**BRIEF**
What you return should be the full listing, copied exactly and stripped of its pictures.
#### DATA BLOCK ####
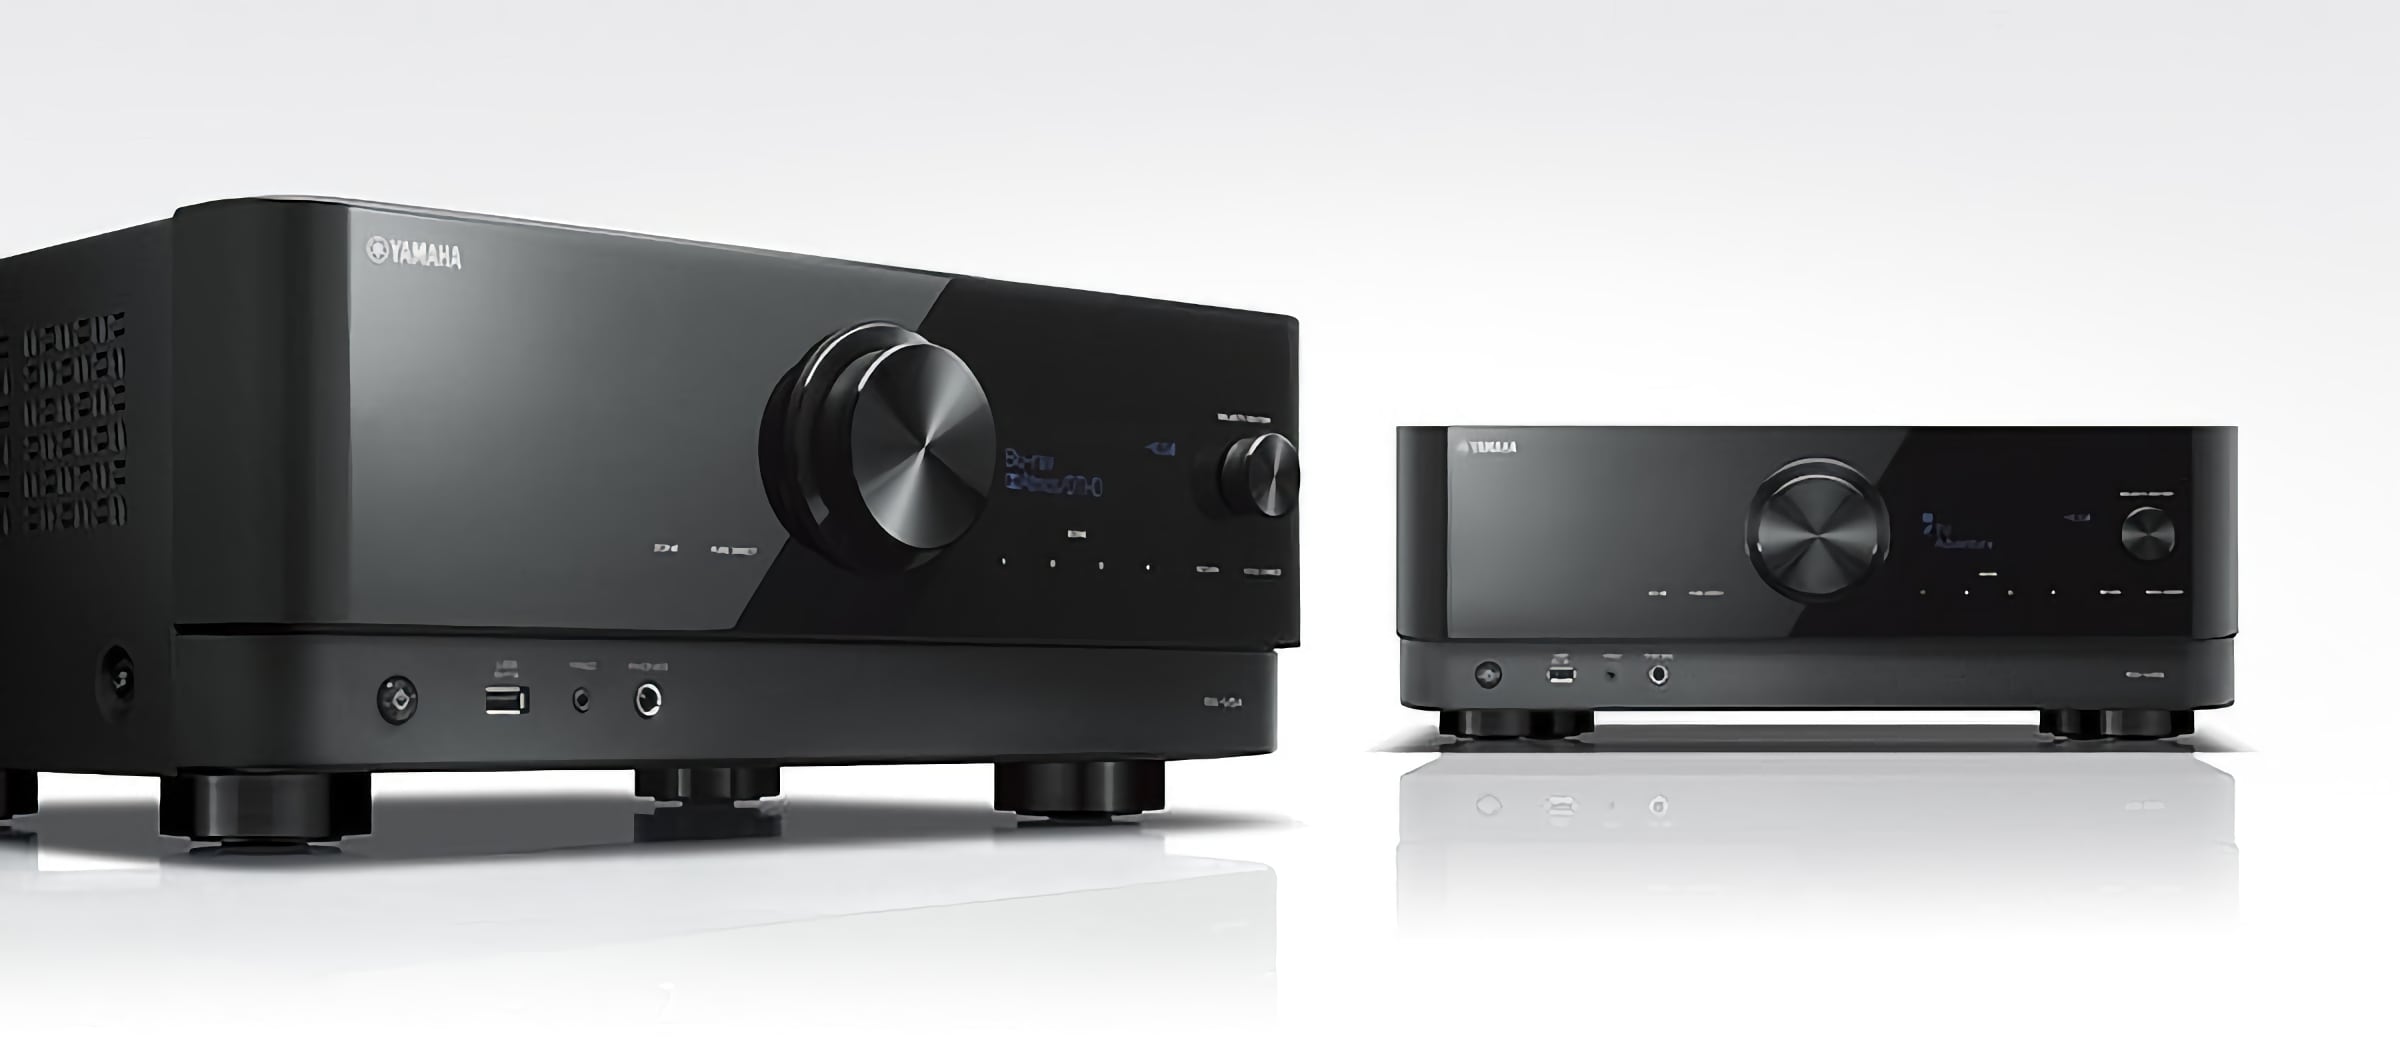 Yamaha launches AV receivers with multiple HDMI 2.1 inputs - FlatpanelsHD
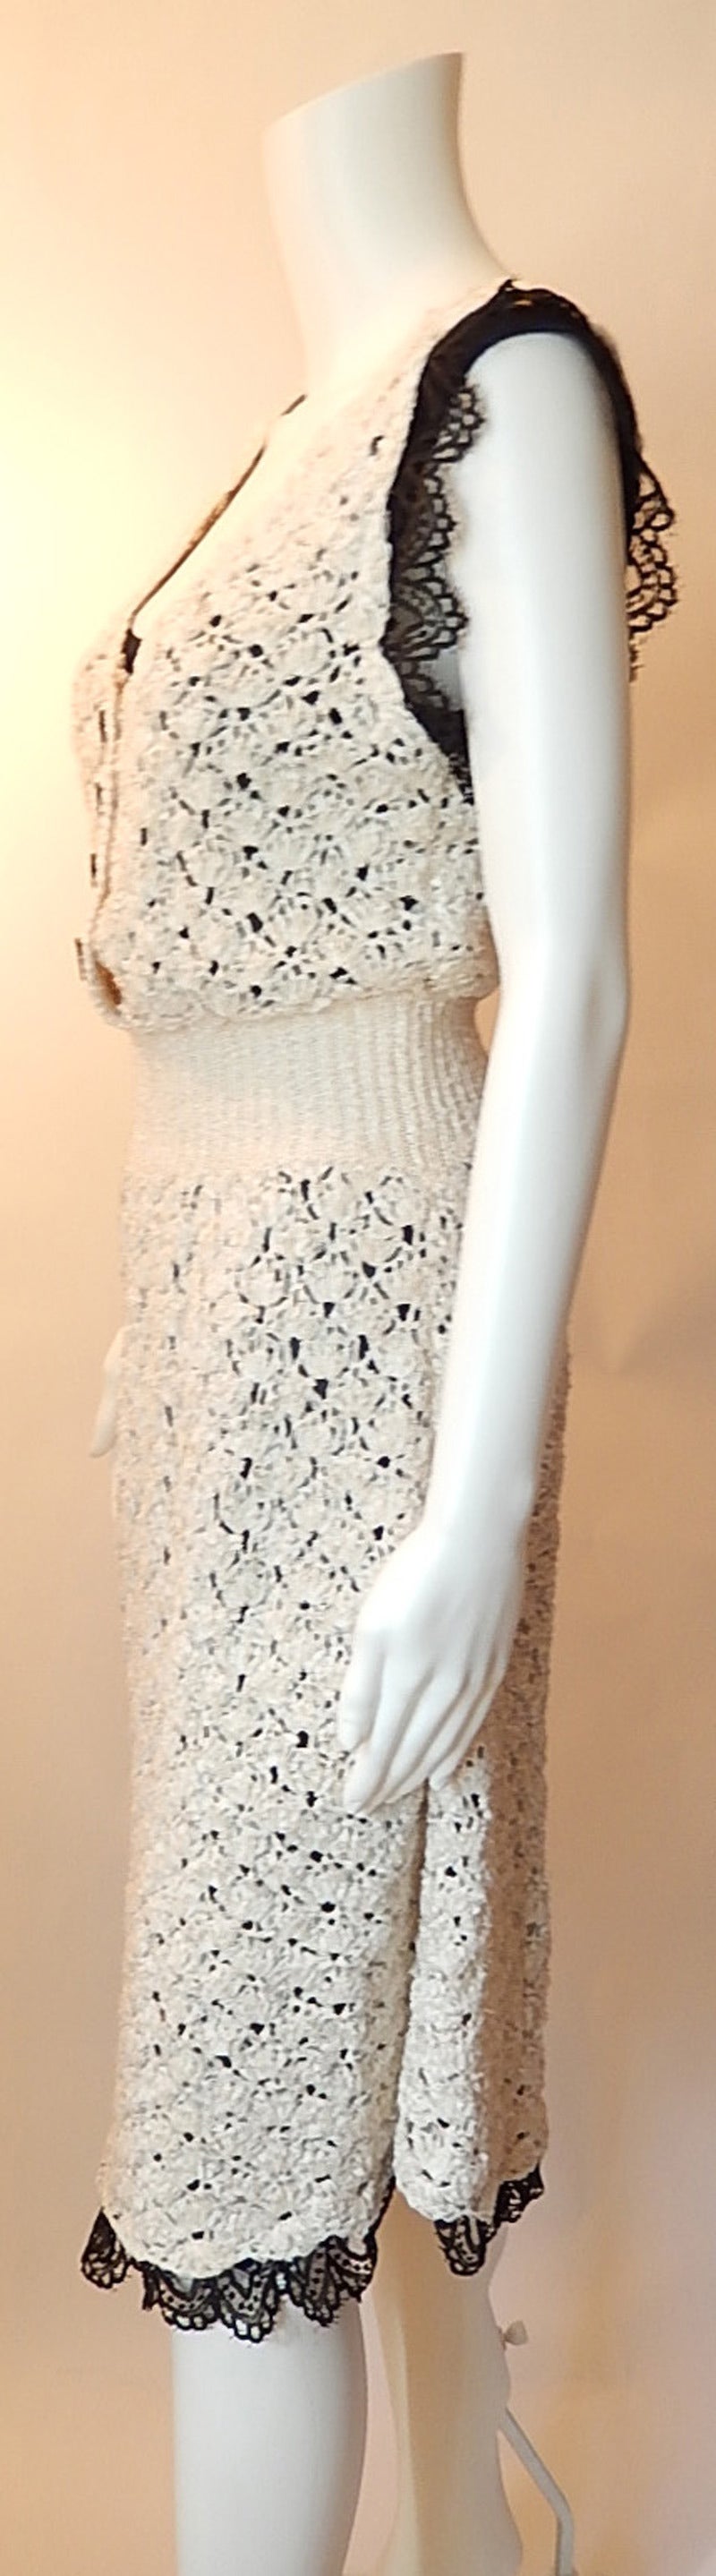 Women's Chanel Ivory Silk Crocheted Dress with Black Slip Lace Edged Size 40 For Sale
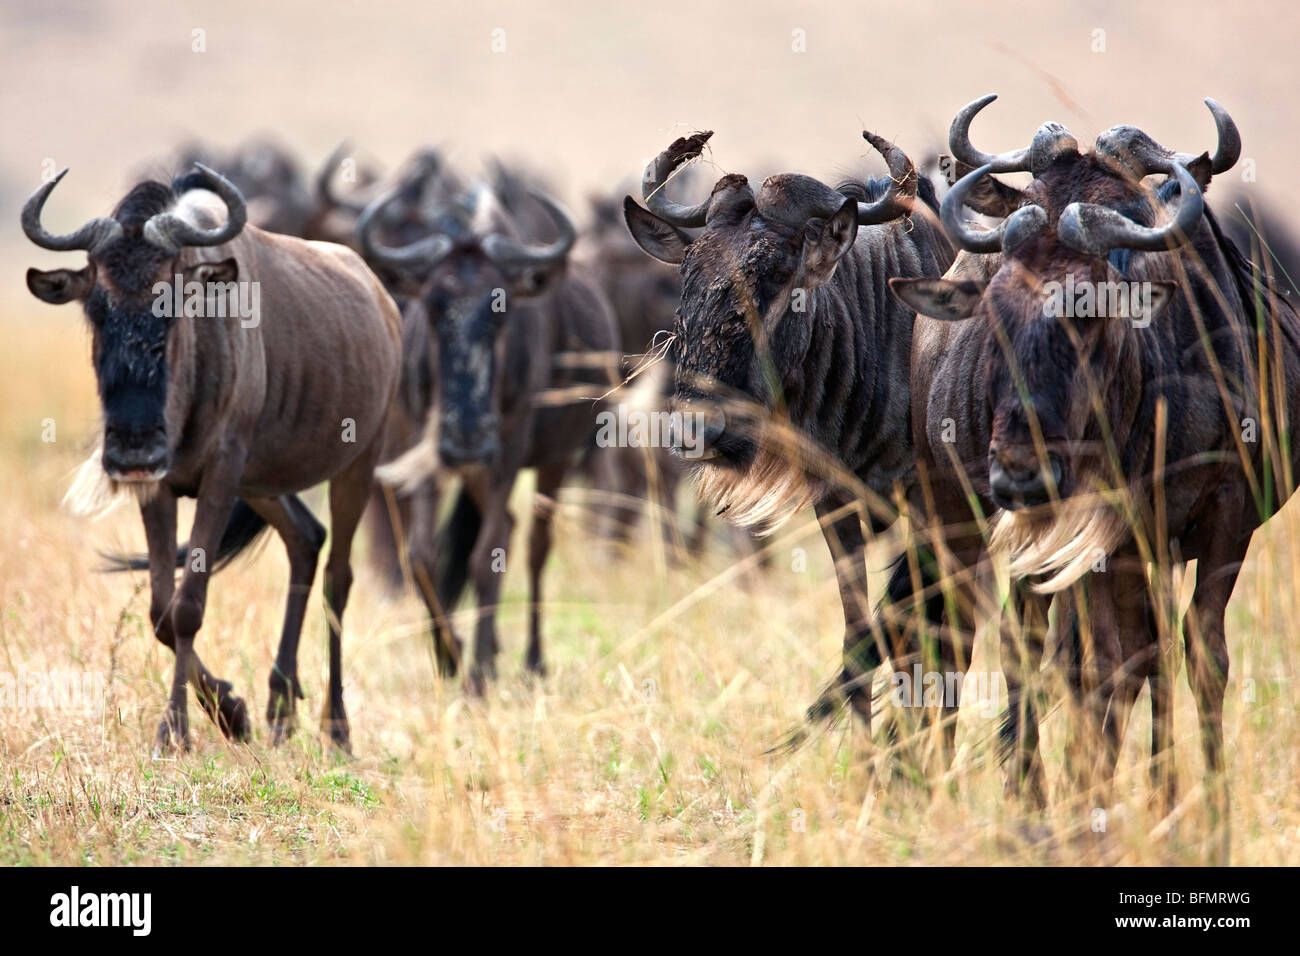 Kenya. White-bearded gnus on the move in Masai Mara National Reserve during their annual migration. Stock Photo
####
**FINISHED TASK**
 Yamaha launches AV receivers with multiple HDMI 2.1 inputs - FlatpanelsHD
 Women's Chanel Ivory Silk Crocheted Dress with Black Slip Lace Edged Size 40 For Sale
 Kenya. White-bearded gnus on the move in Masai Mara National Reserve during their annual migration. Stock Photo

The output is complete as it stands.